By the end of this year, Thailand will be free from three types of plastic – microbeads, cap seals and oxo-degradable plastics – and from four other types of single-use plastics by 2022, according to a road map that got the Cabinet’s initial nod on Tuesday.

The roadmap includes plans to reduce and ultimately eliminate three types of plastic currently in use. They were identified as bottle seals, OXO-biodegradable plastic and microbeads in 2019.

Besides, the Roadmap also includes quitting the use of four types of plastic in 2022: plastic bags, foam boxes, single-use plastic cups and plastic straws.

According to the Department of Environmental Quality Promotion, Thais generate as much as 1.14 kilogram of garbage per head per day, contributing to the 27.04 million tonnes of waste per year reported The Nation.

The average Thai consumer uses approximately eight plastic bags a day – or 500 million plastic bags per day for the whole nation.

More plastic bags than fish ?

Protecting marine environments is a growing priority in East Asia. In 2016, the World Economic Forum predicted that there would be more ocean plastic waste than fish by 2050 without effective intervention.

The conference adopted resolutions on promoting sustainable development, including cooperation in reducing marine plastic debris.

Marine plastic pollution can threaten the security and development of regional countries and destroys the marine ecosystem by killing sea creatures and polluting the marine environment.

Seafood contaminated with microplastics threatens food safety and public health across Asia as many people in the region rely on seafood for their protein intake.

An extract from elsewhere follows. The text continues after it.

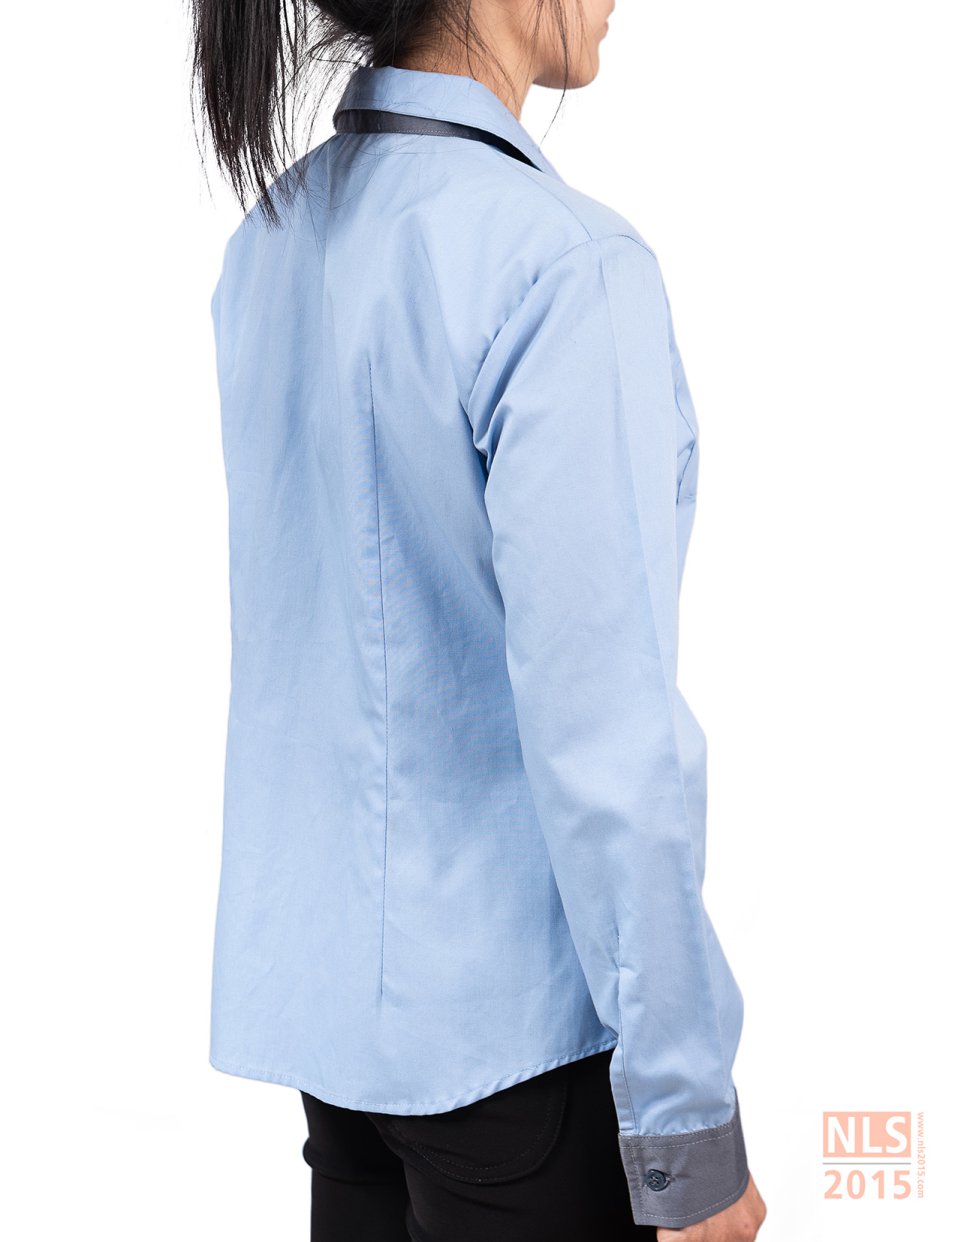 ตัวอย่างเสื้อเชิ้ตพนักงานออฟฟิตบริษัท EVER BRIGHT / นลินสิริ รับตัดเสื้อ รับผลิตเสื้อเชิ้ตพนักงานรูปที่

Unsustainable practices in marine-related economic sectors are contributing to the surging amount of plastic debris in regional seas that harm local businesses.

Bali and Boracay depend on revenues from tourism. Severe plastic pollution in the coastal areas damages their reputation as popular tourist destinations, while disruption in the marine ecosystem can also intensify competition between states for marine resources.

China, Indonesia, the Philippines, Vietnam and Thailand accounted for 60 per cent of the plastic waste disposed of in the oceans according to a report by the Ocean Conservancy and the McKinsey Center for Business and Environment in 2015. Japan ranks second globally at the per capita level.

But some countries are taking action to tackle the challenge. Indonesia has set a target to reduce marine plastic debris by 70 per cent by 2025.

The central government imposed a trial of taxing single-use plastic bags in some cities in 2016. In 2017 they pledged US$1 billion to reduce marine plastic debris and other wastes.

In Singapore, the National Parks Board and the International Coastal Cleanup, a non-governmental organisation, started a two-year study in 2017 at nine coastal sites. Conservationists and scientists presented The Blue Plan to the government in October 2018 outlining recommendations on how to monitor and reduce marine plastic waste.

Vietnam and the Philippines are developing a national action plan to deal with the mounting challenge. The Japanese government started the discussion to draft a national strategy with specific goals and targets in August 2018. There are also discussions on strengthening regulations and laws related to the issue, with a bill passed in June 2018 aimed at reducing microplastics.